Friday, 1 May 2009

30/04: Pointless politeness.

Should I do a marathon? There's one happening in 10 days.

Yesterday, I went for my first run in two weeks. Exams this week have been a bit of a distraction. Not that I was working ridiculously hard for two weeks, but while I wasn't working ridiculously hard, I had a head full of worry, and marathon training seemed like a frivolous thing to do. Up until that last run, I had been doing pretty well, every run going to plan, and feeling fitter than ever. However, along with all that worry in the last couple of weeks came a lot of messed-up sleeping patterns, Pro Plus, a sedentary lifestyle, and meals consisting solely of snack foods, or coffee, or nothing at all, or Marmite on a stick. Only joking about the Marmite. Although I did have a phase of eating it off a knife back in the first year of my undergrad degree. That's another, deeply depressing story.
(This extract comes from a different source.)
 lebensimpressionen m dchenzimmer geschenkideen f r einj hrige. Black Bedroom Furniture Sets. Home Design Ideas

So anyway, I went for a little 5 miler to test the waters, at what I hope will be marathon pace. Thought I'd try out a new podcast while I was at it - Phill and Phil's Perfect Ten, which was pretty good, not as good as Collings and Herrin, or Adam and Joe. I find the "format" slightly unnecessary (they discuss 10 topics picked out of a hat in 30 minutes, and there are rules etc. etc.) but maybe I should listen to it again before judging it rashly. With a more free-form podcast, or at least ones with the appearance/pretence of spontaneity, the chat seems freer to go wherever it wants to for as long as it wants to. Obviously this can be a strength or a weakness depending on who is doing the talking, but if you know what you can get the most laughs out of, why not run with it? Collins/Herring very good at this. With Gervais' podcasts, they are clearly structured and even probably lightly scripted these days (some of Karl's one-liners now sound incredibly rehearsed), but they still manage to create an atmosphere of naturalism and anarchy. You feel included. (In a pathetically lonely way.)
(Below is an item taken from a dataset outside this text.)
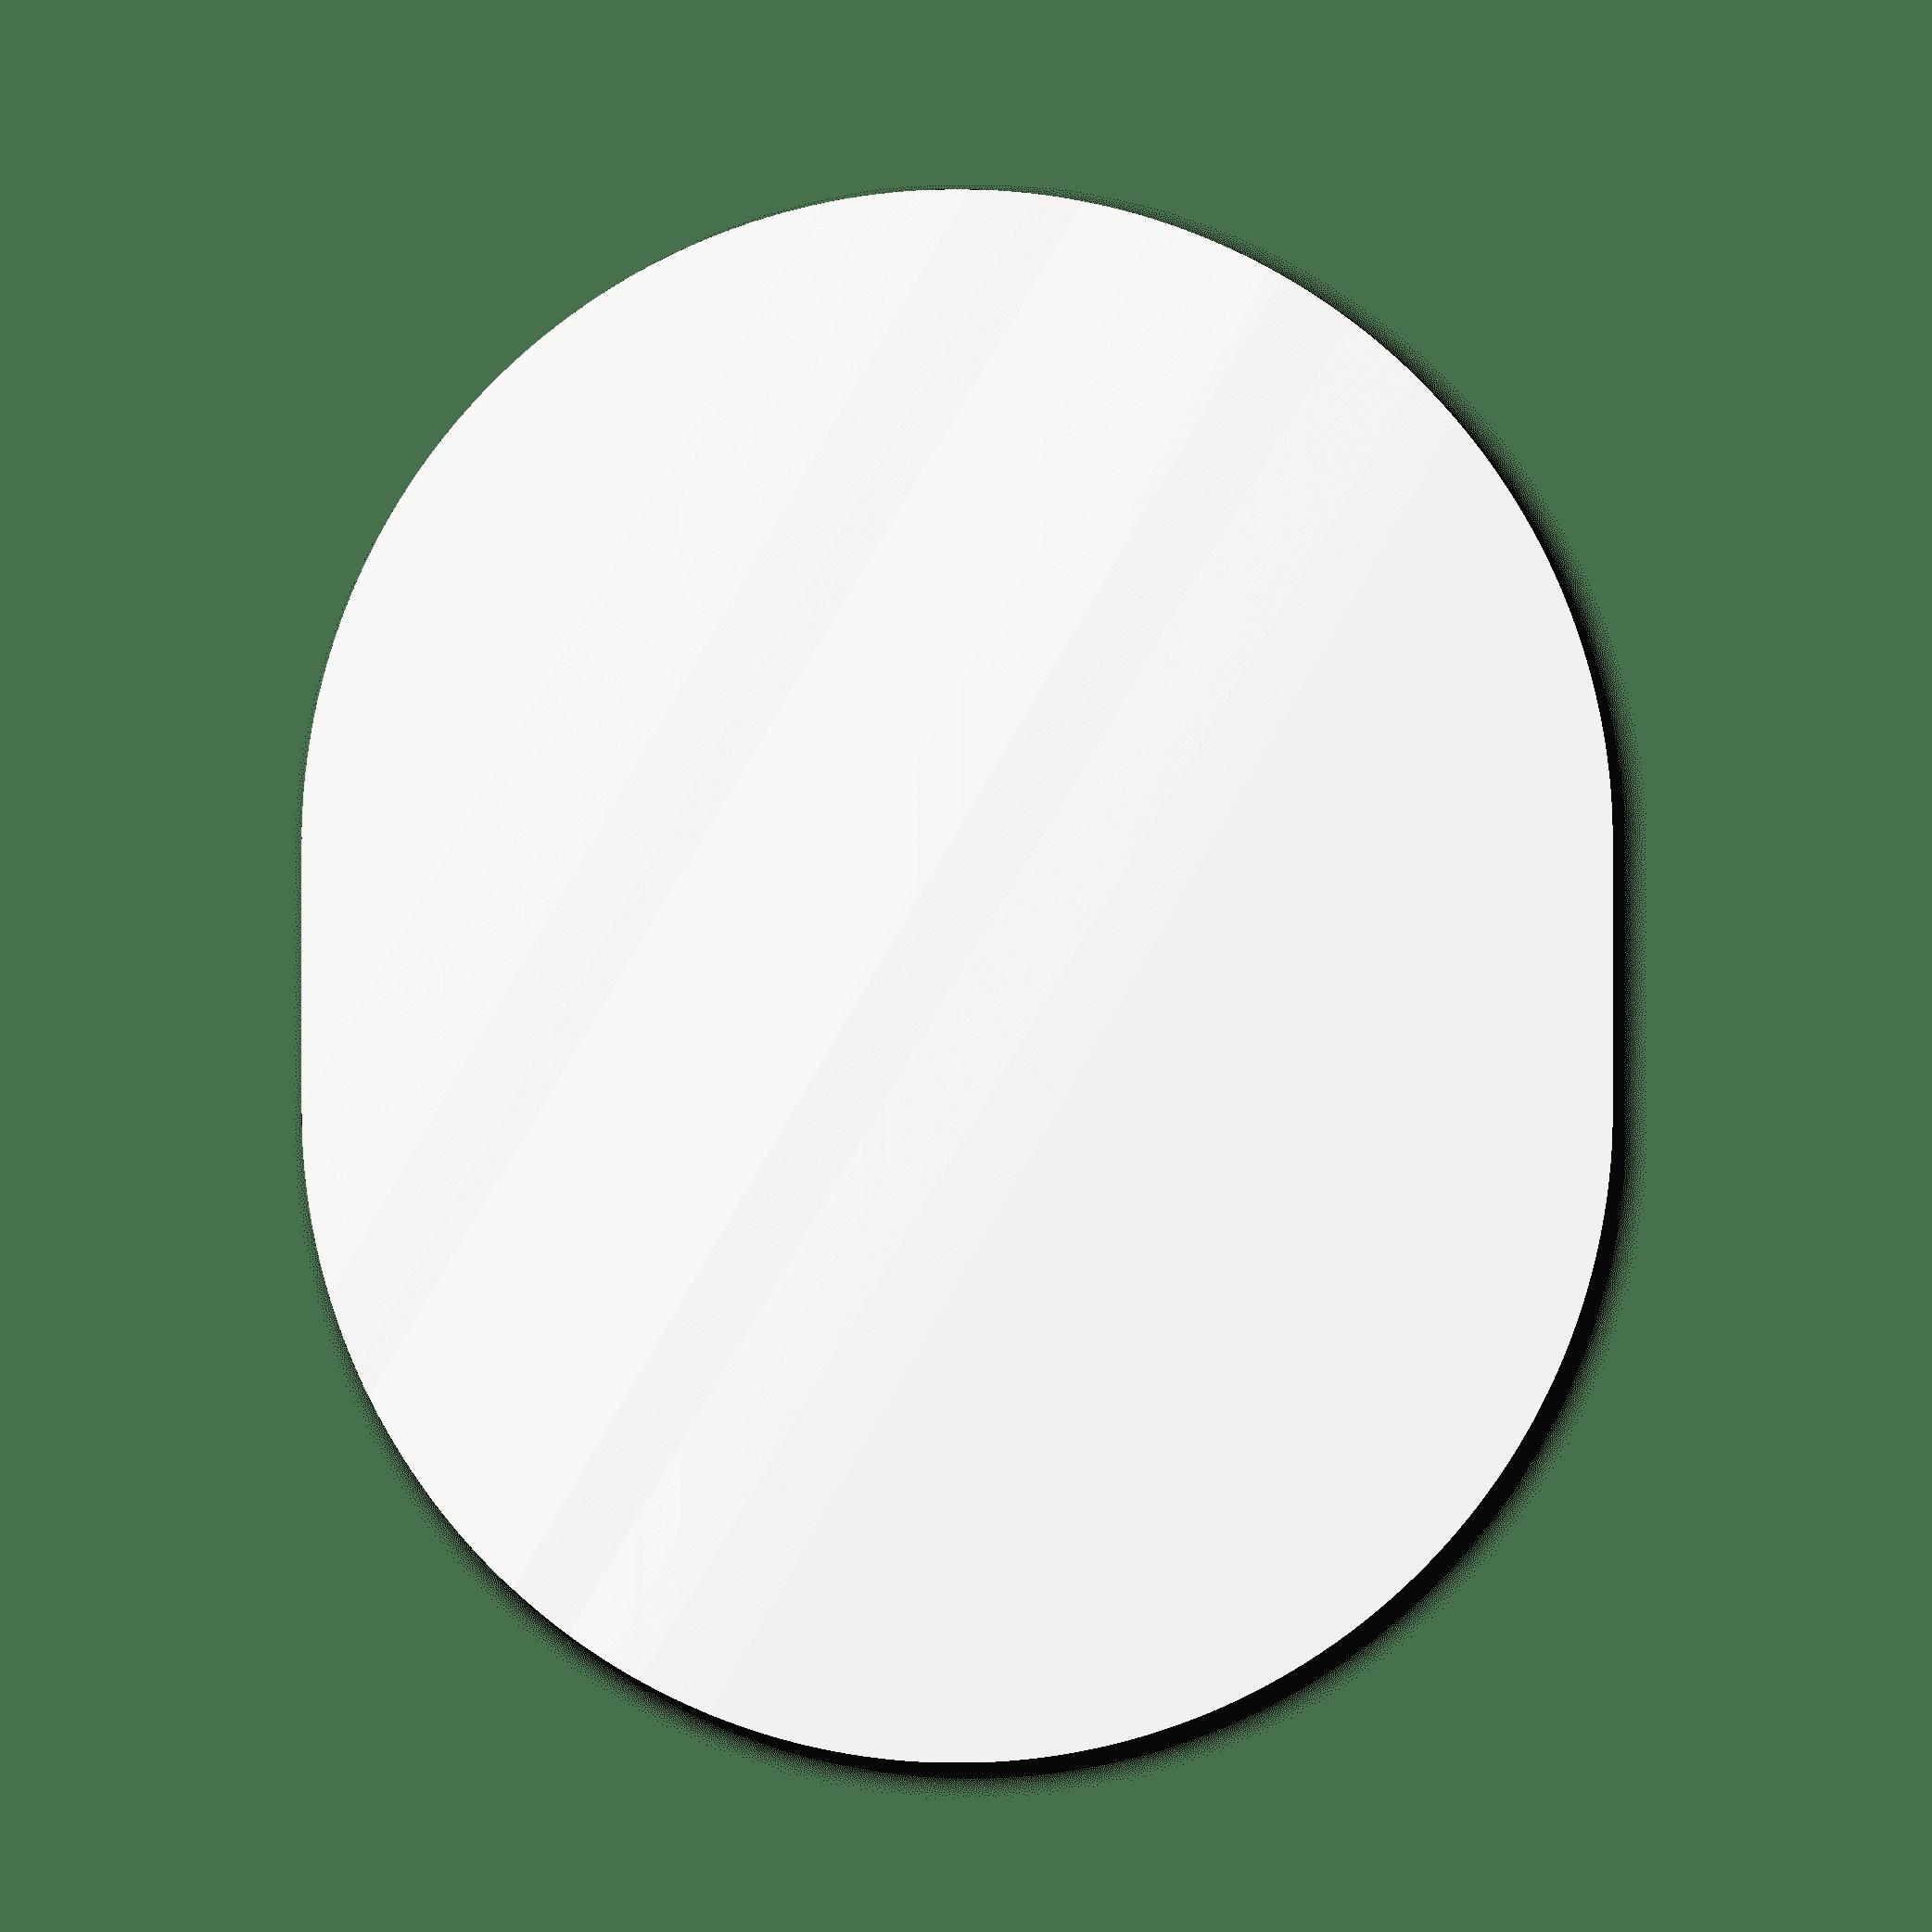 Фигурное зеркало 1700×1200 мм осветленное с еврокромкой и креплением на клей

The run felt alright for the first couple of miles. It has got a lot warmer since I last ran back in mid-April when it was sporadically raining, in a reassuringly traditional way, so I started feeling the heat fairly quickly. However, I wasn't prepared for the tightness in the chest that followed shortly afterwards. I had to stop after 3 miles. Troubling. I should be able to complete a marathon, but if I can't do it at a decent pace, I'm not sure I'm that up for it. It's an undulating course in the Essex countryside, which means in mid-May it could be a climatically challenging run. I'd hoped to do one around the same time up in the Lake District, which would've been amazing, but it wasn't financially viable in the end. Anyway, I'm going to eat and sleep properly now and see if I improve this week.

During the course of the run, someone moved out of the way and said "Sorry", having done nothing to apologise for. Pointless politeness. Well, not really. I actually do this all the time, and I know I've nothing to apologise for, and I then wait for my apology to be acknowledged as unnecessary. I get slightly annoyed when it's not acknowledged. Obviously this is ludicrous. I don't know if it's a British thing, or just a mentally ill thing, but I like it. I especially like it when other people do it, because I feel a kinship with these crazy people. I'm not sure I like the idea of a world where everyone is watching what they say and do and thinking about other people all the time, but it's comforting that there are a few people out who still consider trivialities like this important. Humanity lives? Or something? Because people are saying 'sorry'? I'll shut up now.